Доктор Карл Мосс только что ушел, ругая меня на чем свет стоит, потому что опаздывал на свою лекцию по психотерапии. Сладковатый запах его одеколона прямо-таки отравлял воздух. В том, что еще осталось от моих мозгов, я прокручивал его ответ на мой вопрос, скоро ли Мерл поправится.
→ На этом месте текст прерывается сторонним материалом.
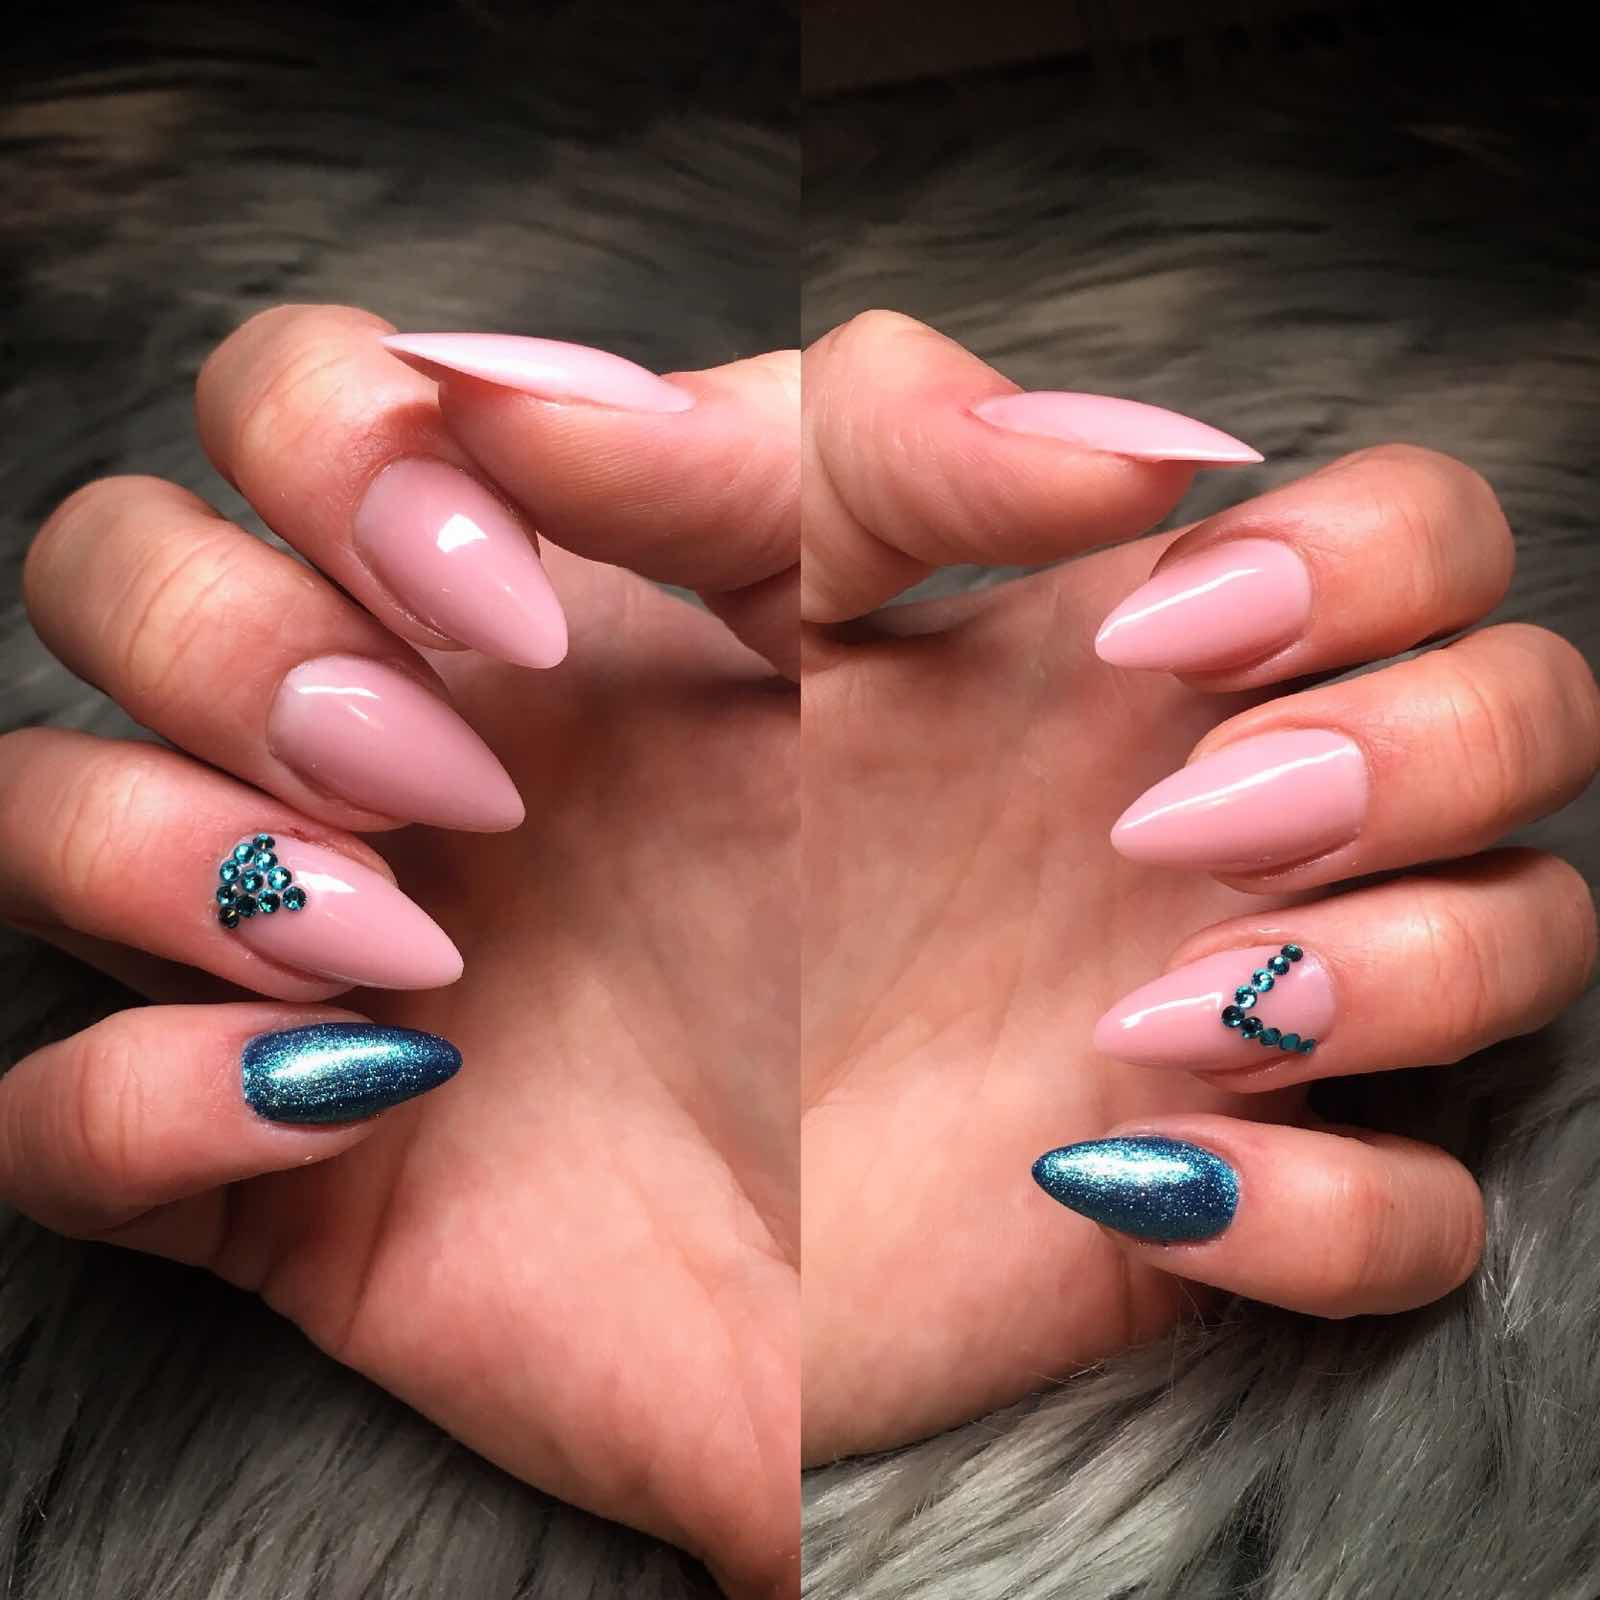 nagel design 19

— Это зависит от того, что ты имеешь в вижу под словом «поправится». Она всегда будет очень возбудима и всегда будет слабо проявлять животные эмоции. Всегда будет с удовольствием дышать утренним воздухом и нюхать свежевыпавший снег. Из нее бы получилась отличная монашка. Религиозные мечты с их узостью, с их стилизованными эмоциями и хмурой чистотой были бы прекрасным выходом для нее. А так она, вероятно, превратится в одну из тех старых дев с кислыми лицами, которые сидят за конторками в библиотеках и регистрируют книги и карточки учета.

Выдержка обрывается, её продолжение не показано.